Exclude the images, then return every line below exactly as written.

**GIVEN MATERIAL:**
————

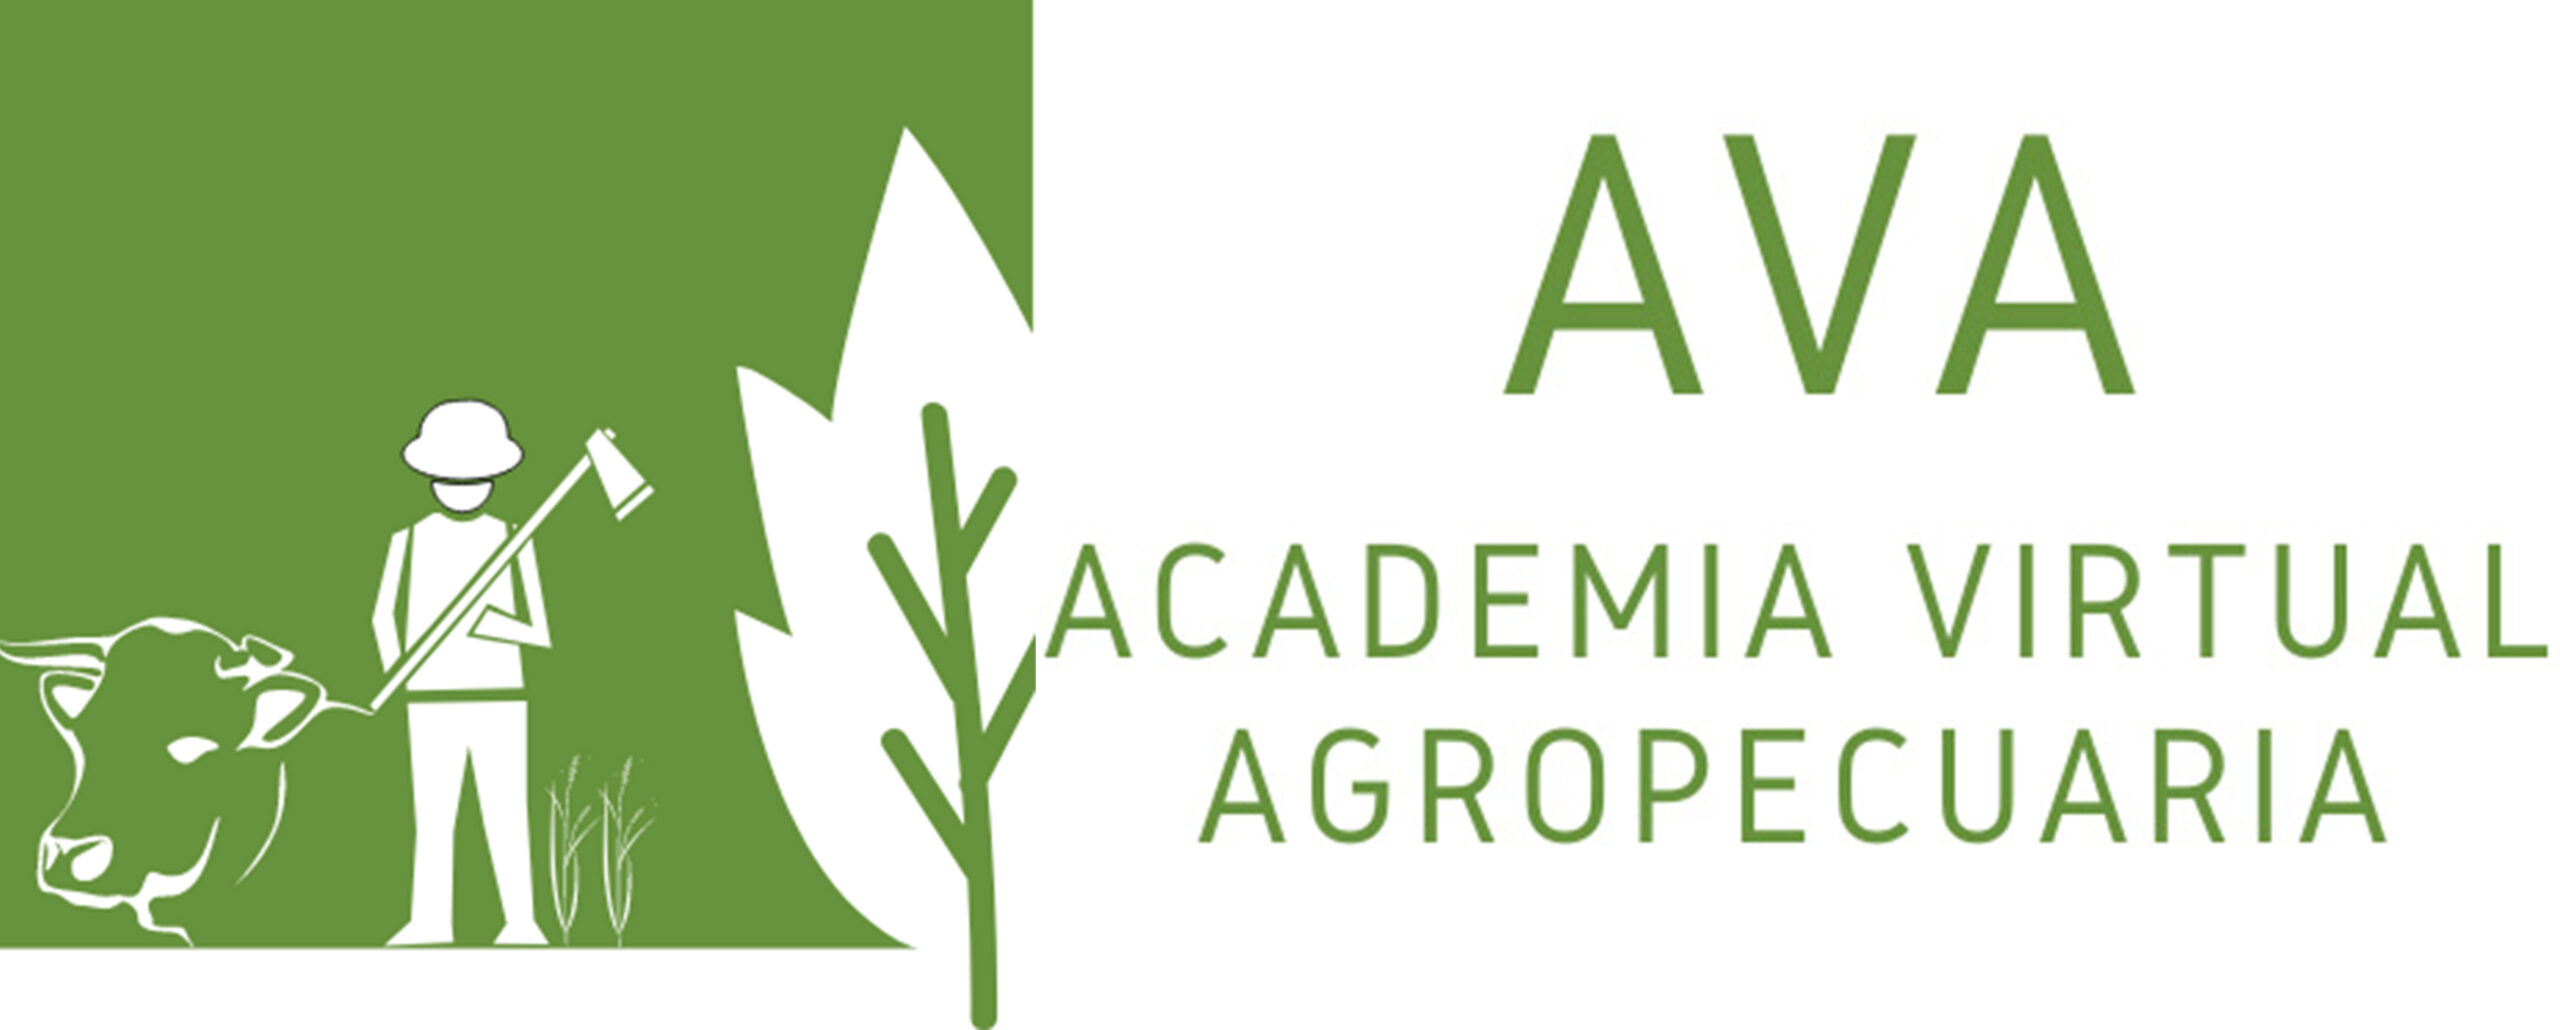 Academia Virtual Agropecuaria
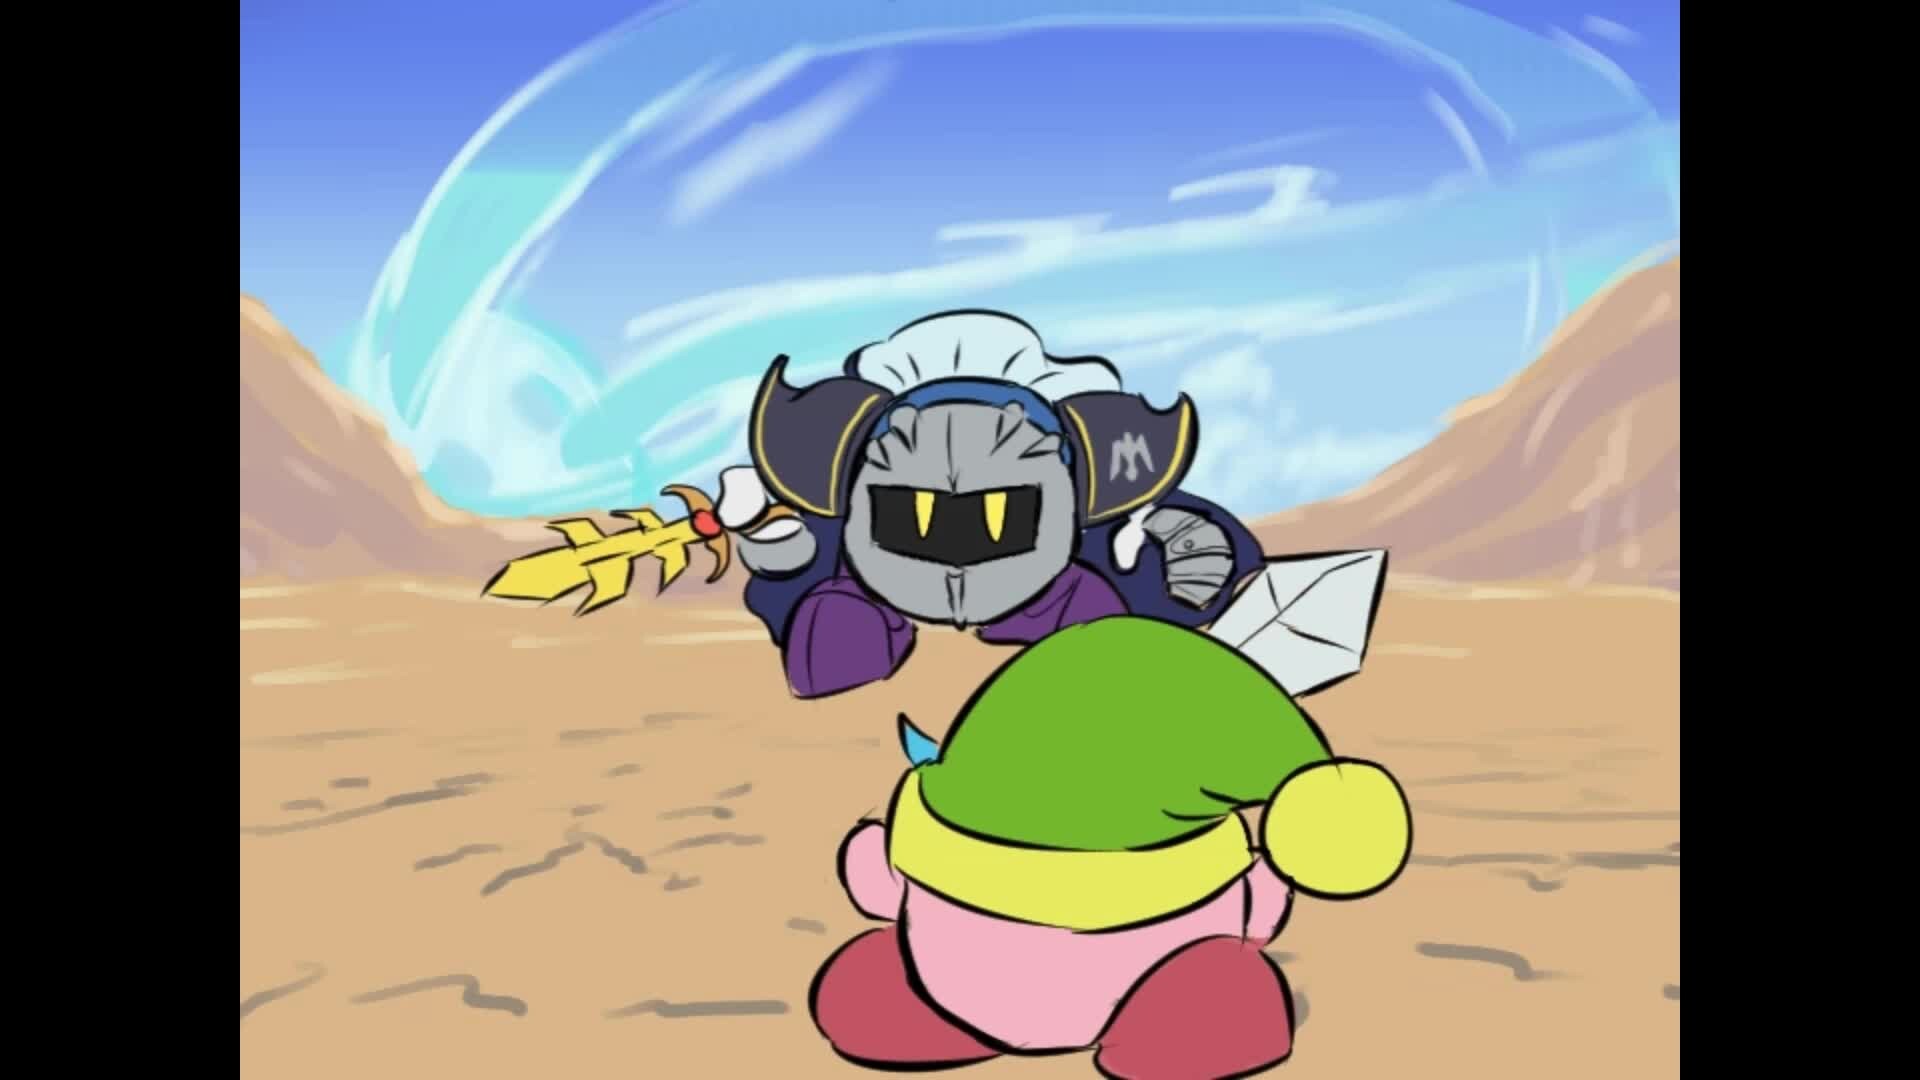 Meta knight “Kirby right back at ya”
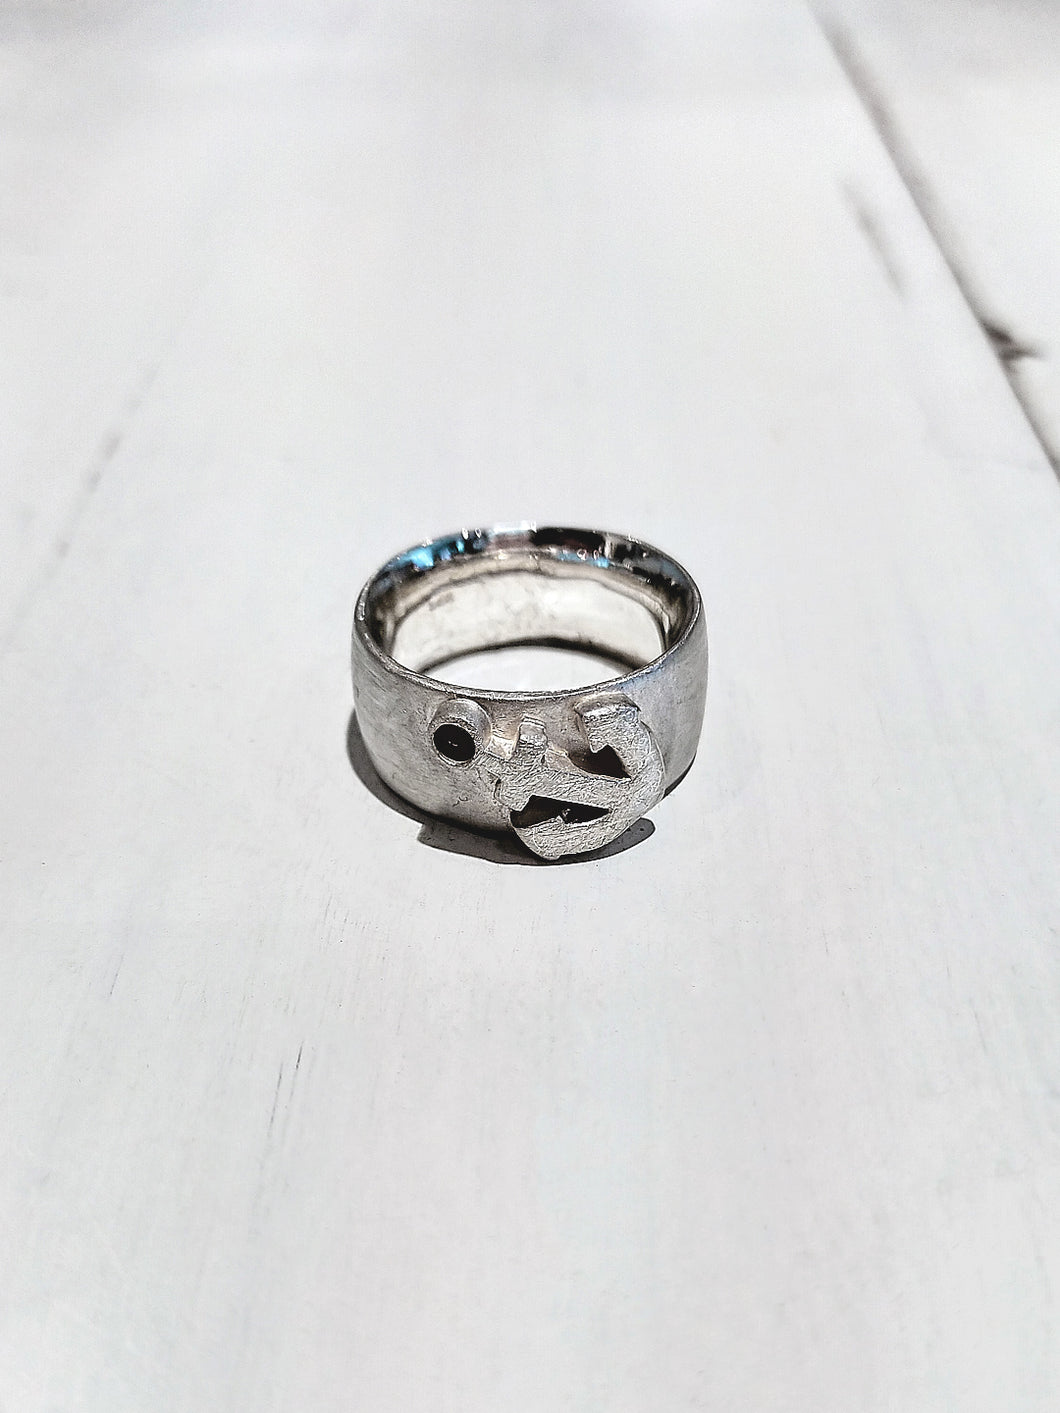 Silber Schmuck - Ring Anker

————

**PROBLEM SOLUTION:**
 Academia Virtual Agropecuaria
 Meta knight “Kirby right back at ya”
 Silber Schmuck - Ring Anker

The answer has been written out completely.